The Oniya Bison Rewilding Project, headed by Tara Sheahan, is located on 37.5 acres outside La Jara, in Conejos County. Oniya, meaning ‘to breathe’ in Lakota language, is the land center that Tara was drawn to, and where she is currently building an adobe house. Eventually, a handful of bison and healers will call Oniya home with her. It is a sister property to 13 Moons Ranch, with more space and remoteness to dig deeper into healing, rewilding, connection, creation and indigenous wisdom. The five individuals who somehow found their way to both properties and to each other are passionate to say the least; they continue to further the movement to rewild our bison - to bring them back to North America in efforts to combat climate change, as well as to help us humans connect back to ourselves. The Rewilding Project’s goal is to have 44 million bison in North America by 2050.

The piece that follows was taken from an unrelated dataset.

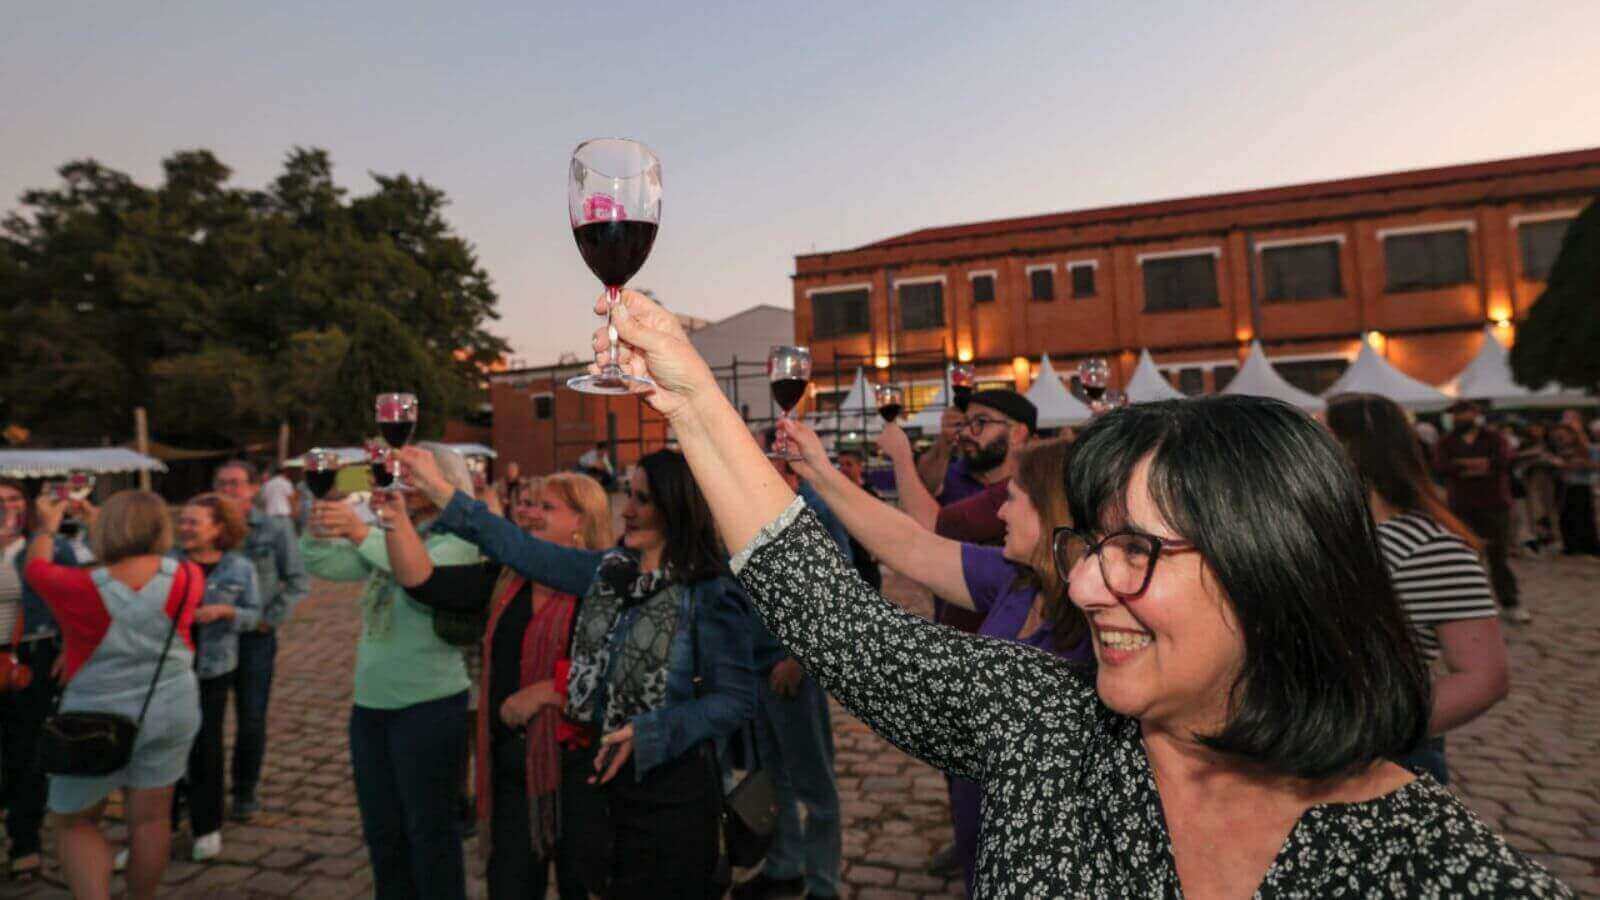 Pessoas brindando com taças de vinho no evento "Dia do Vinho" no Espaço Expressa, em Jundiaí

“There’s a sparkle – an excitement in our people – in knowing that the Bison are coming back to the families… You feel that fire in their hearts when they see the Bison on the homeland.” – Melvin Young Bear, Oglala Lakota from Medicine Root (Kyle) South Dakota, featured in “Rewild Our Soul.”

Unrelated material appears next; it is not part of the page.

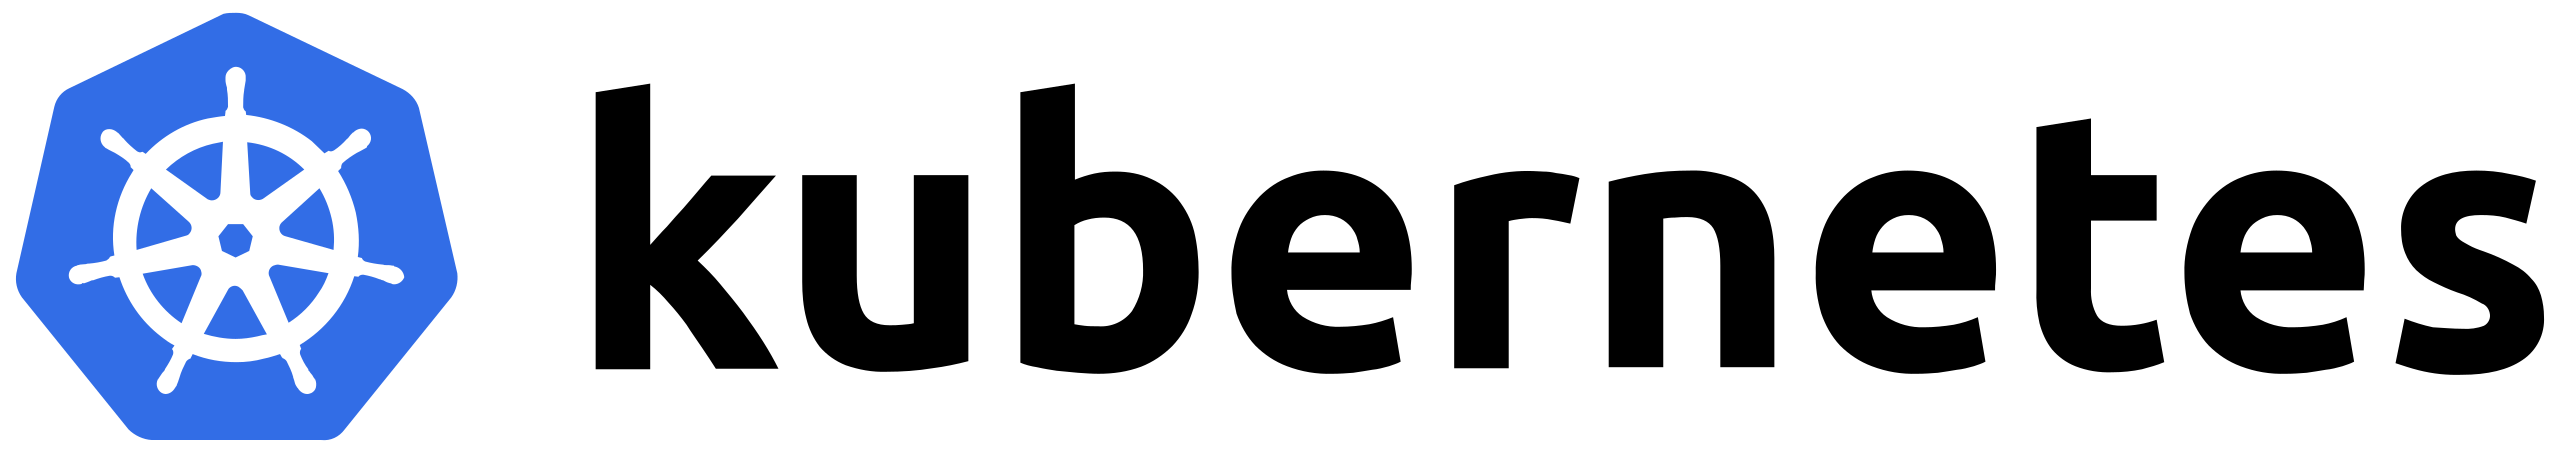 Kubernetes vendor logo

The concept of the documentary film, “Rewild Our Soul,” continues to evolve as the mission grows. At its core, it follows the complexity of the journey of bringing back bison to their native land, Great Turtle Island (aka North America). Along the way, their story connects with indigenous wisdom keepers like Melvin Youngbear, ranchers like Kevin Off and a wide range of communities from Medicine Root in South Dakota to the San Luis Valley of Colorado to the Hopi lands near Shungopavi Village in Arizona.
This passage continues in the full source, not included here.